Todos guardaron silencio, pensativos. A la puerta del living gemía plañideramene un pequeño “tarpoil”, que quería reunirse con los seres humanos, grandes y perfectos... pero el Dr. Gali había cerrado la puerta.

 

CAPITULO II

 

LA ESPERA

 

Terminada la reunión, los seis jóvenes se despidieron a la puerta de la casa del doctor Gali.

Adiós, Jorge —dijo Gómez Pons—. Adiós, Marga. Arturo y yo acompañamos a estos dos —e indicó a los dos madrileños— que se alojan en mi casa.

Tras estrecharse todos la mano, los cuatro jóvenes se alejaron por una cinta móvil. Marga y Jorge quedaron solos.

—¿Me acompañas, Jorge? —le preguntó Marga.

—¿Dónde vives?

— ...En Esplugas.

—Un poco lejos es para ir a pie —observó Jorge—. Vamos a Lesseps a tomar un helitaxi.

A los pocos minutos, Jorge hacía señas a un helitaxi en la parada de la plaza de Lesseps. Cómodamente arrellenados en las butacas traseras, vieron cómo las brillantes luces de neón de la plaza se hundían bajo ellos “El helitaxi casi rozó el campanario de la iglesia, y luego puso rumbo al Oeste, obedeciendo las indicaciones que le había dado Jorge.
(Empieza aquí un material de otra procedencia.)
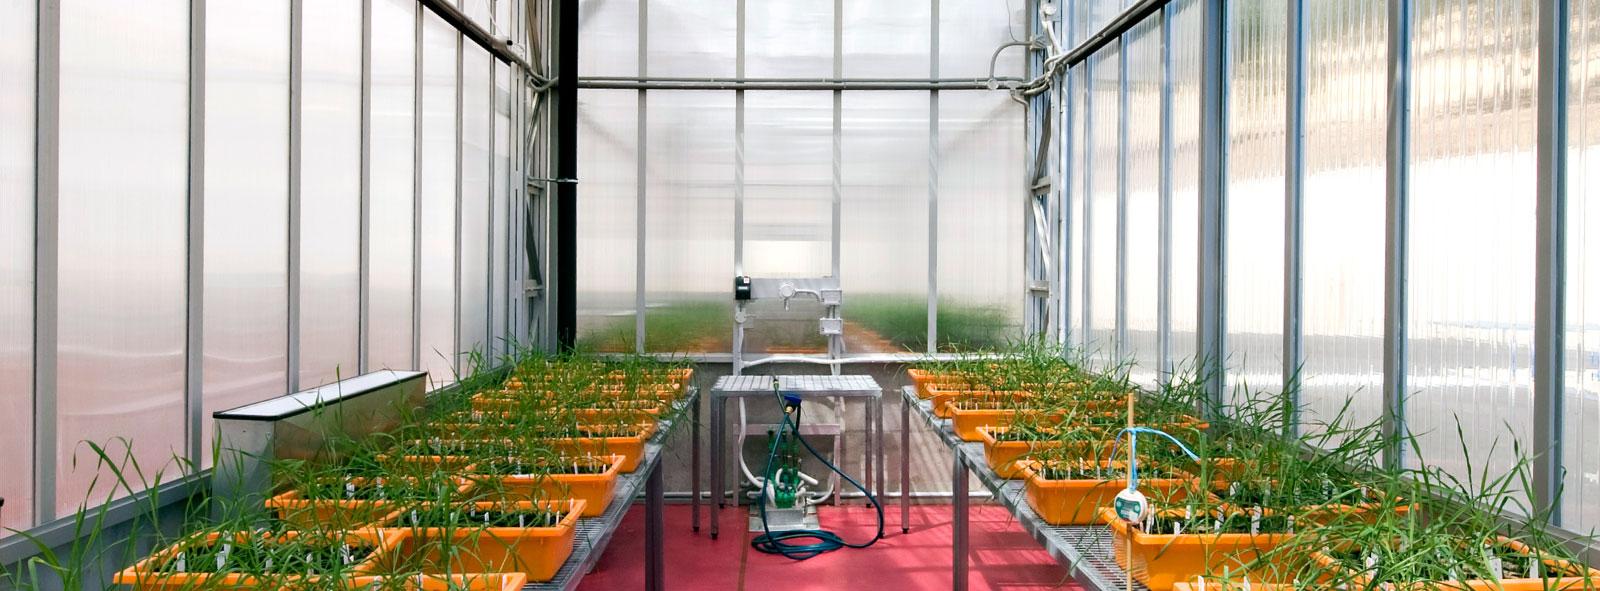 H2o-Architects-Melbourne-University-of-Adelaide-Plant-Accelerator-02

Jorge miró distraídamente por la ventanilla. El espectáculo nocturno de la Gran Barcelona, no por visto dejaba siempre de fascinarle. Como un colosal tapiz incrustado de pedrería, la enorme ciudad de ocho millones de habitantes se extendía de rio a río y más allá aún, pues en su crecimiento había devorado en poco más de medio siglo los pueblos y caseríos vecinos, saltando incluso sobre su última muralla, la natural, representada por la cordillera de la costa y el monte Tibidabo que, perforado por dos túneles por los que circulaba un tráfico intensísimo, unían a los nuevos barrios urbanos de San Cugat, Sabadell y Tarrasa con el centro de la colosal metrópolis mediterránea,

—¿Qué opinas de lo que nos ha dicho el Dr. Gali, Jorge? —preguntó Marga, volviendo hacia él su mirada escrutadora.

—Estoy totalmente de acuerdo con sus puntos de vista —repuso el joven—. Es más: creo que no hay otra alternativa.

—¿Crees de verdad que somos “otra” especie?

—¡Qué duda cabe! Verás: yo no había estudiado Biología sino de forma elemental, pero siempre me ha parecido que es absurdo suponer que la evolución humana se detiene en el “sapiens”. Con el advenimiento de la Era Tecnológica, pareció como si el hombre se desligase de la Naturaleza y sus leyes inmutables, pero éstas seguían obrando en secreto... El resultado somos nosotros; tú y yo, Marga, y todos los que son como nosotros. Esta idea de haber alcanzado un “fin”, una cima, es antropocéntrica e idiota. Existirá un fin, desde luego, pero será el de una especie... el fin del “Homo sapiens”, constructor de ciudades, de imperios y de máquinas, belicoso y comido por la soberbia y la presunción. ¡Esto, por ejemplo! —Y Jorge señaló hacia abajo, donde un inmenso óvalo luminoso centelleaba con millones de luces—. Ahí lo tienes... El Camp Nou... el templo a la estulticia y la ignorancia humanas. ¿Qué se puede esperar de una civilización que invirtió millones en la construcción del coliseo romano, de las pirámides de Egipto y de este colosal campo de fútbol? ¿Cómo ha de terminar una cultura —llamémosla así— que sólo idolatra la fuerza bruta, los gladiadores y los futbolistas? Es curioso y significativo como nosotros vivimos al margen de ella. Los gustos de la masa no son los nuestros. Pero no se trata de una actitud desdeñoso de refinamiento aristocrático, sino de que “somos distintos”. No se puede pedir a un pitecántropo que le guste la Novena Sinfonía de Beethoven y, viceversa, no se puede pedir a un “sapiens” que se aficione a roer los huesos de las carroñas. Todo es cuestión de gustos, y cada especie tiene los suyos. Y nosotras, Marga, somos más que una raza distinta: somos otra especie.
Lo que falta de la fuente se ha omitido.